Brotherton J
Department of Gynaecological Endocrinology, Sterility and Family Planning, Free University, Berlin, FRG.
Hum Reprod. 1989 Oct;4(7):837-42. doi: 10.1093/oxfordjournals.humrep.a136997.
Urinary human chorionic gonadotrophin (HCG) was estimated in 42 samples from patients in very early pregnancy or shortly after early spontaneous abortion, in which initial testing showed a positive urinary HCG in the Hybritech Tandem ICON II monoclonal 2 min test. There were no false positives with this test even when the blue colour was difficult to distinguish from the white background, i.e. considerably less than the calibration blue spot at 50 mIU/ml. The Serono polyclonal beta-HCG radioimmunoassay (RIA) detected urinary intact HCG (plus free beta-subunit) at concentrations as low as 10 mIU/ml IS 61/6 for bioassay (the old standard), i.e. approximately 22 mIU/ml 1st IRP 75/537 for immunoassay (the new standard). The LKB-Pharmacia DELFIA monoclonal fluoroimmunoassay (FIA) detected urinary intact HCG, without free beta-subunit, to a minimum concentration of 18 mIU/ml 75/537. The proportion of monoclonal/polyclonal was 2-155%. In normal amniotic fluid at 16-20 weeks of pregnancy, HCG concentrations were 3180 +/- 2270 (755-11,000) mIU/ml with the FIA.

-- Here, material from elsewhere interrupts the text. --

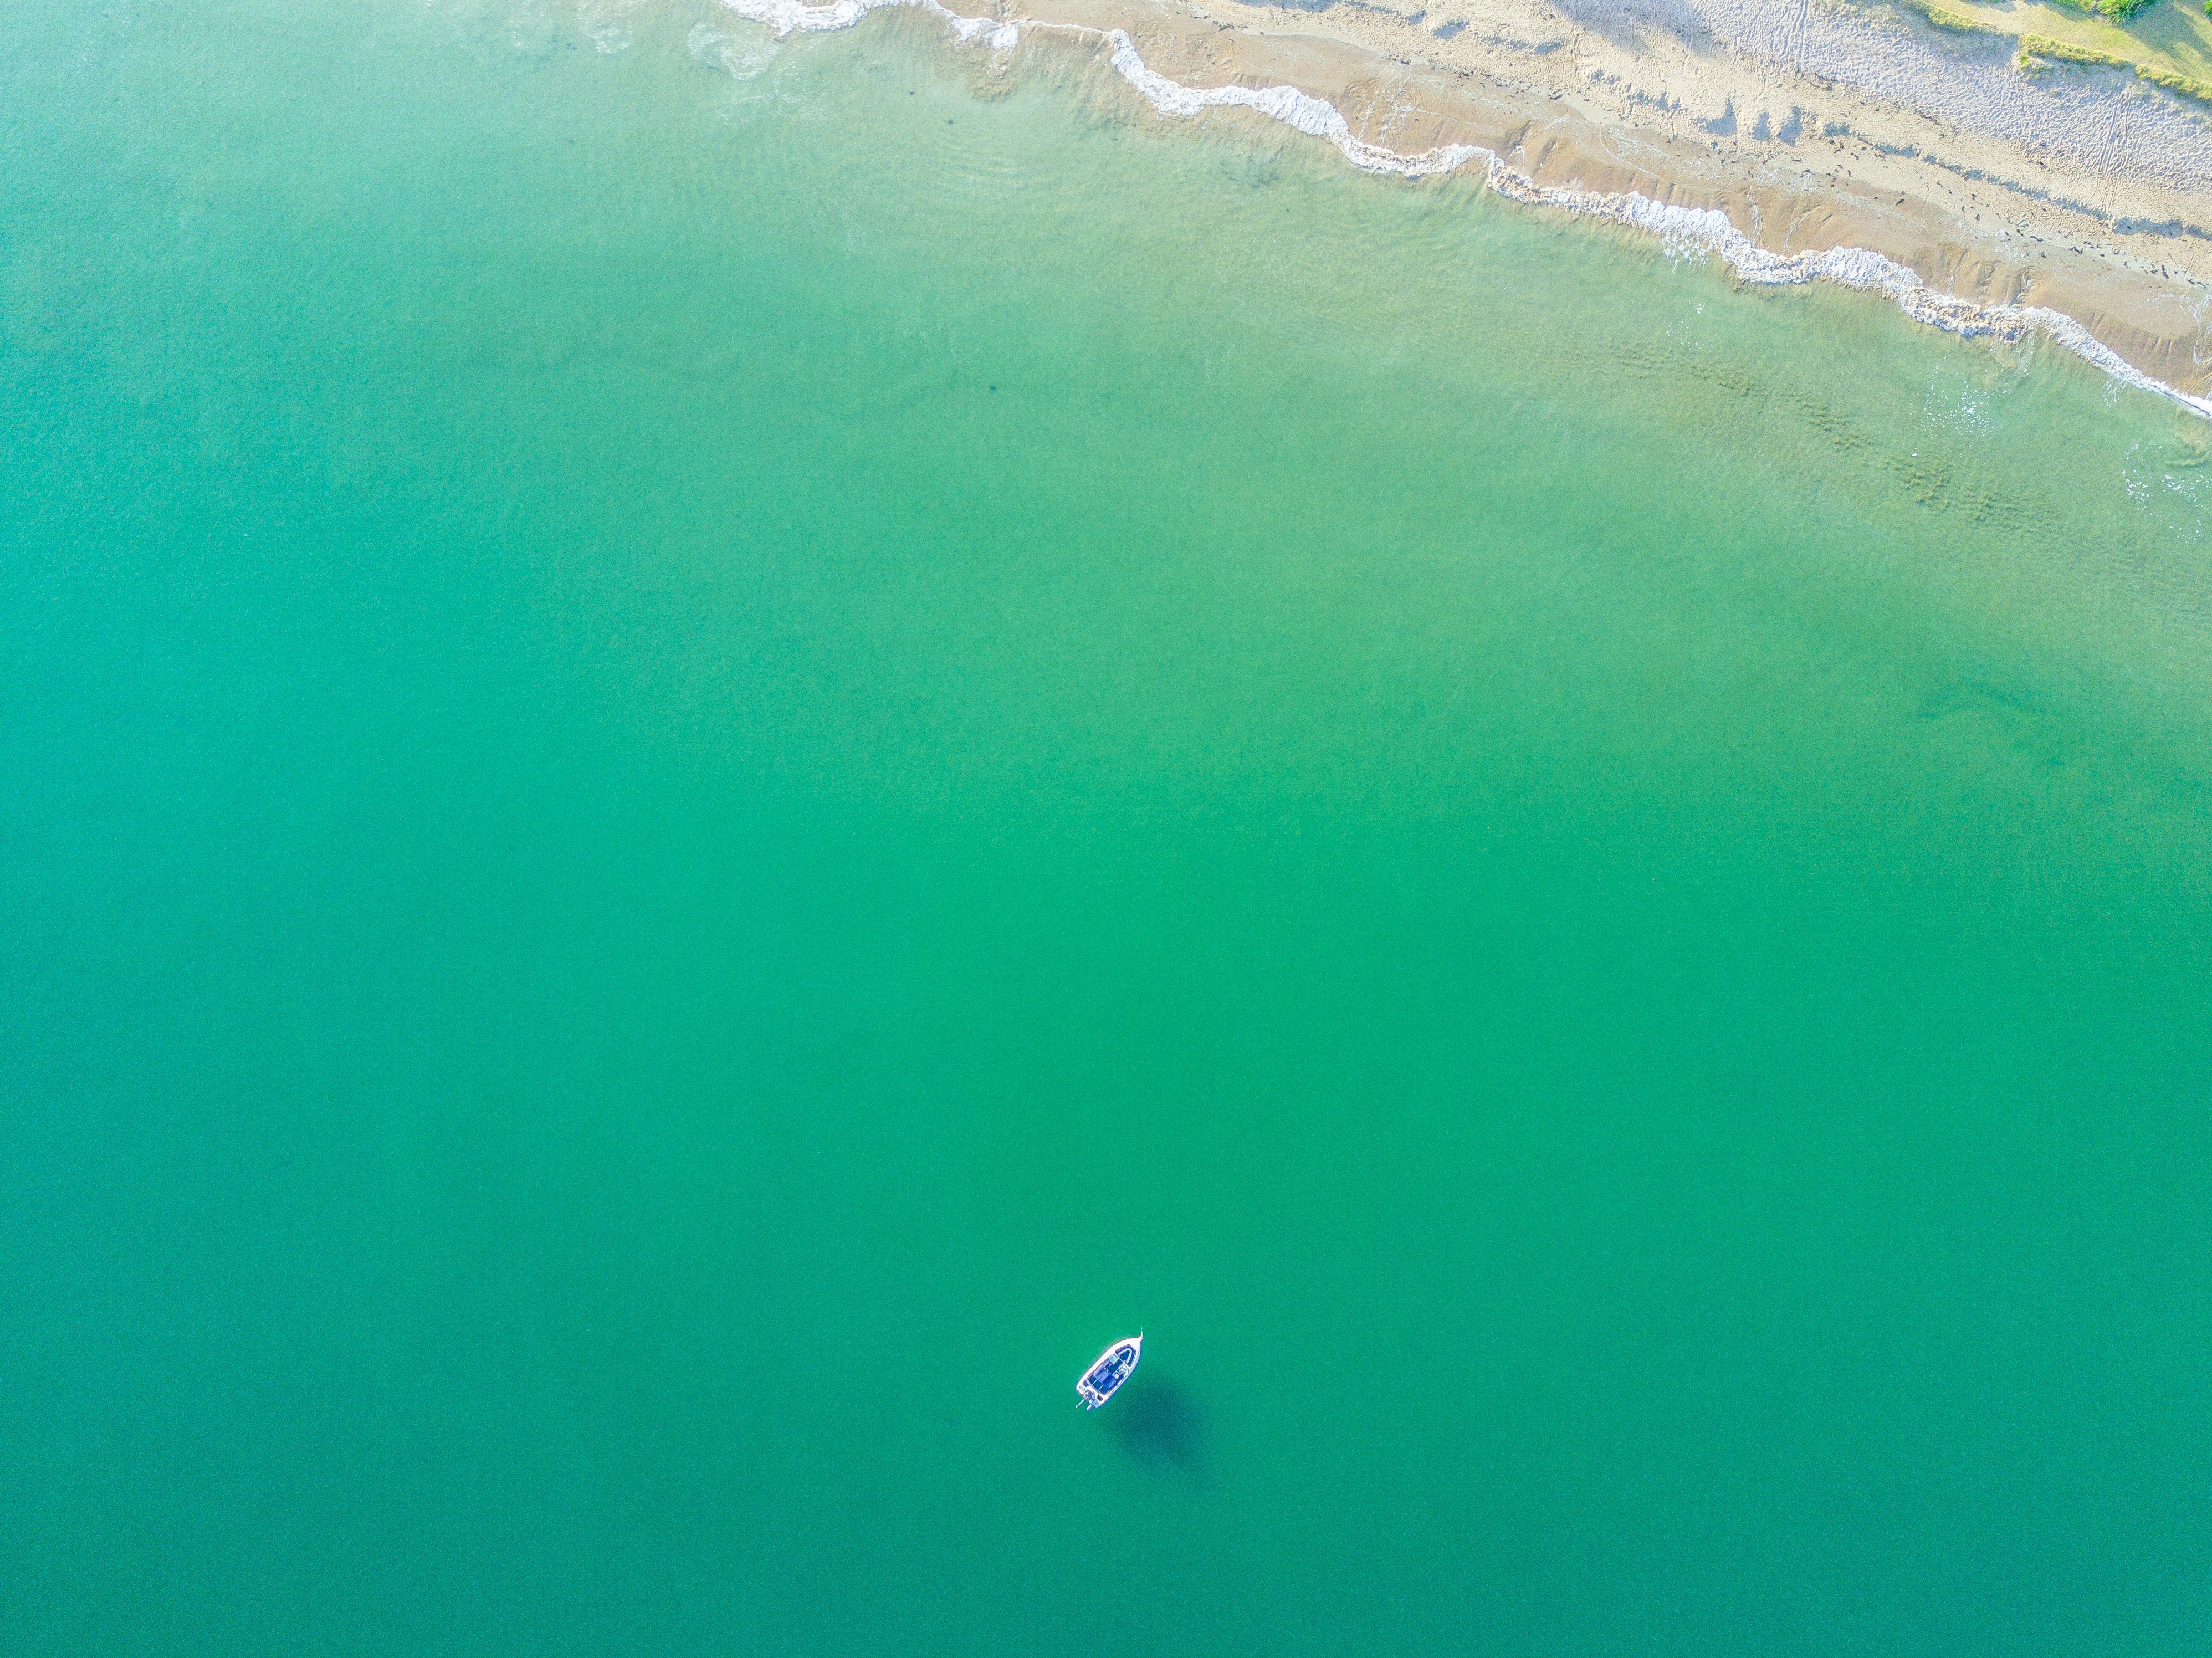 Drone view of boat in ocean

对42份来自极早期妊娠患者或早期自然流产后不久患者的样本进行了尿人绒毛膜促性腺激素(HCG)检测,这些样本在Hybritech Tandem ICON II单克隆2分钟检测中初始检测显示尿HCG呈阳性。即使蓝色与白色背景难以区分,即远低于50 mIU/ml的校准蓝点,该检测也没有假阳性。赛诺诺公司的多克隆β-HCG放射免疫分析(RIA)检测尿中完整HCG(加上游离β亚基)的浓度低至10 mIU/ml(生物测定的IS 61/6,即旧标准),即免疫测定(新标准)中约为22 mIU/ml的第一国际参考品75/537。LKB-Pharmacia DELFIA单克隆荧光免疫分析(FIA)检测尿中完整HCG(无游离β亚基)的最低浓度为18 mIU/ml 75/537。单克隆/多克隆的比例为2 - 155%。在妊娠16 - 20周的正常羊水中,采用FIA检测时,HCG浓度为3180±2270(755 - 11,000)mIU/ml。